Rebekah Inez Brau and Nile Hatch, Organizational Leadership and Strategy Department
Introduction
Corporate Social Responsibility (CSR), defined by the UN Industrial Development Organization as “initiatives by firms to integrate social and environmental concerns in their business operations and interactions with their stakeholders” is a controversial topic in the management literature. Although CSR is widely discussed, unfortunately some of the potential externalities of CSR have not been studied. The goal of this project is to determine if one of these externalities, a potential decrease in employee compensation, results from increased CSR.
Methodology
Although motivated through agency and contracting theories, our research is mostly empirical in nature. The data comes from two main databases. Employee wages and control variables are taken from Standard and Poor’s Compustat database. Overall wage figures and numbers of employees are used to compute an average wage per employee at the firm and year level. I condition these numbers on industry, as different industries have different wage rates.
The CSR data are taken from the Kinder, Lydenberg, and Domini’s (KLD) database.
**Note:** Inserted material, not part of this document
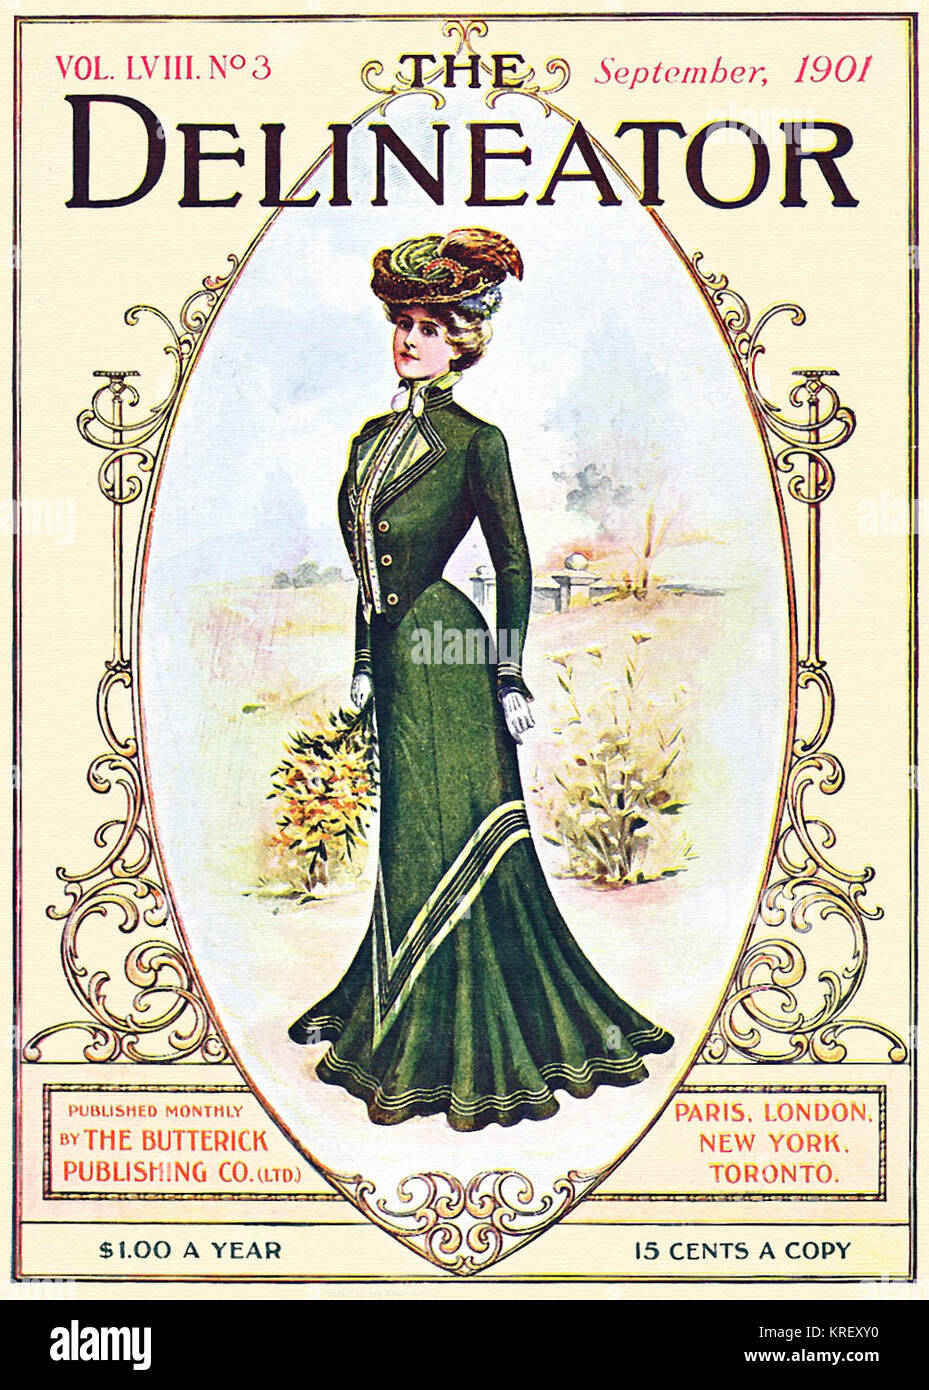 Delineator, September 1901 Edwardian Lady's Fashion Stock Photo
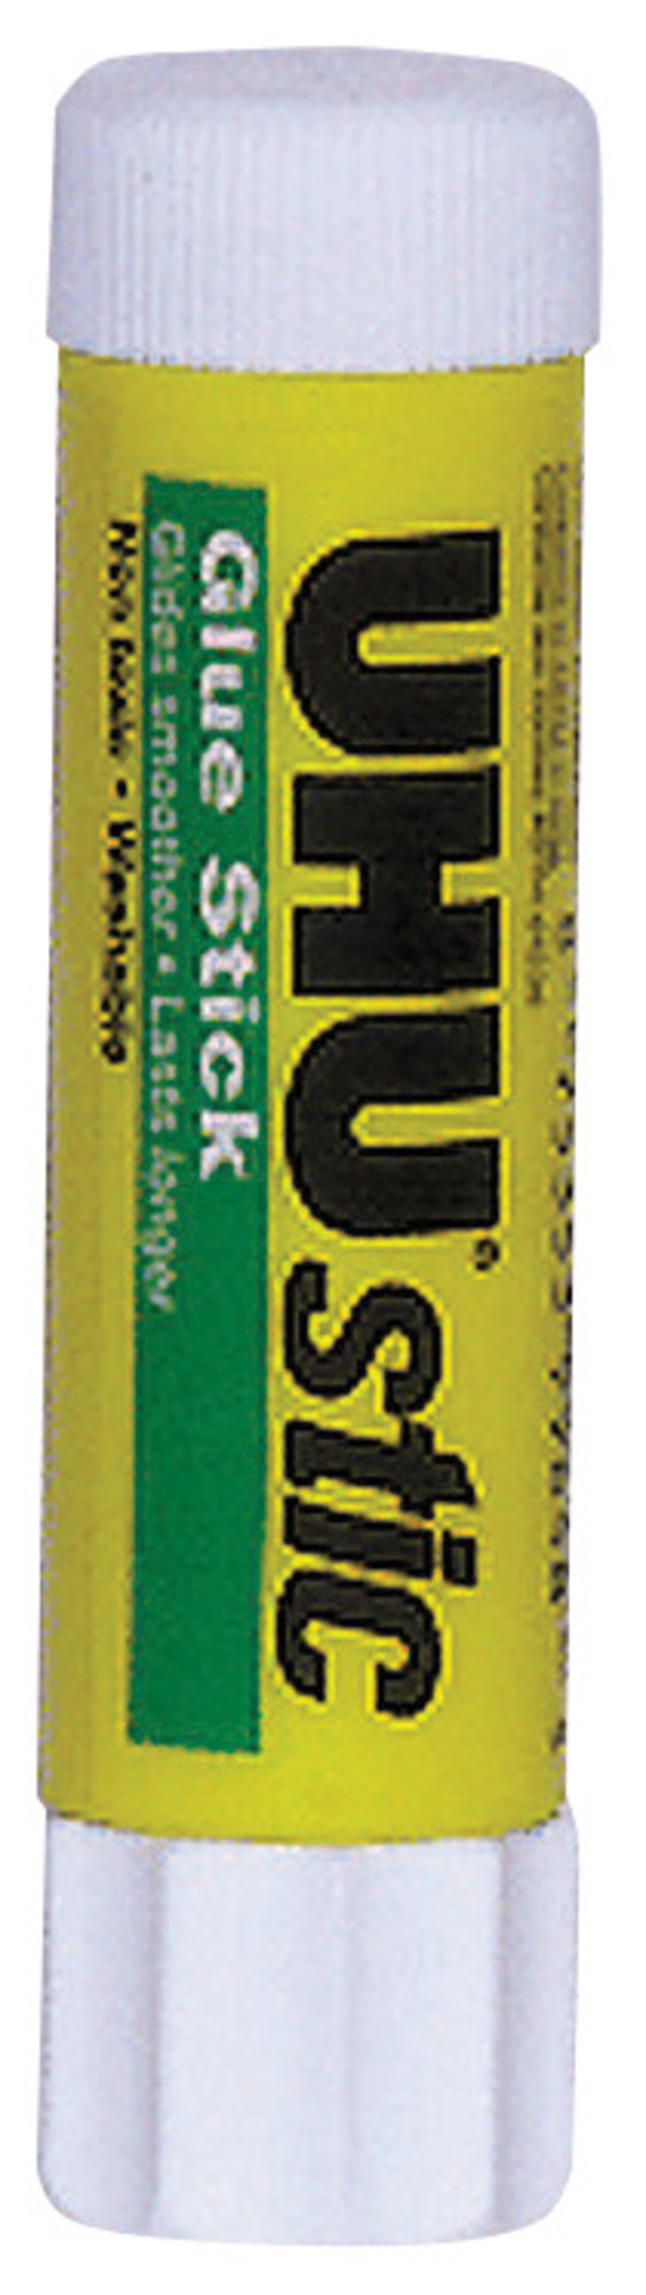 Glue Sticks, Item Number 247232

The KLD data includes 159 CSR variables such as Product Safety, Climate Change, Energy Efficiency, Diversity, Corporate Governance Strength, and so forth. I follow Hillman and Keim (2001) and Baron, Harjoto, and Jo (2011) to construct a CSR composite index that serves as a proxy for the degree of each firm’s CSR.
Results
The results of the Ordinary Least Squares (OLS) regression show that CSR (csrcidx) does significantly impact the employee compensation above a 91 percent level of significance (see table below). The total sample size was 4,400 firms, excluding financial firms. I followed the literature and excluded financial firms because their financial data are significantly different than operating firms and not comparable. As the table shows, csrcidx (highlighted in blue), or the level of CSR activity of a firm, has a negative impact on employee compensation.
Discussion
Although CSR is a broadly discussed topic within the literature, the potential externalities have not been thoroughly studied. This project reveals that there is a need for additional study of these potential externalities. Consistent with the argument of Milton Friedman, I have documented a significant and negative impact of CSR on employee compensation, for what I believe is the first time.
Future research can extend my project by analyzing why CSR affects employee compensation and establishing causation rather than just correlation as I have done. Researchers could interview employees of the firms surveyed in this study to see their views on CSR. There could be explanations in some of the companies where employees are on-board and very supportive of the CSR and do not mind that their compensation is affected. On the other hand, CSR could be an unfair “tax” as argued by Friedman.
Conclusion
In conclusion, this project has analyzed a specific externality of CSR. The OLS regression using data from Compustat and KLD databases illustrates that employee compensation is negatively and significantly correlated with CSR beyond the nine percent level. In other words, firms that practice CSR more aggressively also have a lower average employee wage compared to firms that did not practice CSR in the same industry and of similar size. This project adds to the field of CSR study by detecting a potential negative externality of CSR. I propose that researchers in the field of CSR acknowledge the correlation of CSR on employee wages and continue to research not only employee wage relationships but also other potential externalities of CSR.
Thank you for this opportunity to perform this research. I have learned more than I could have imagined by conducting this research and I am grateful for the ORCA grant.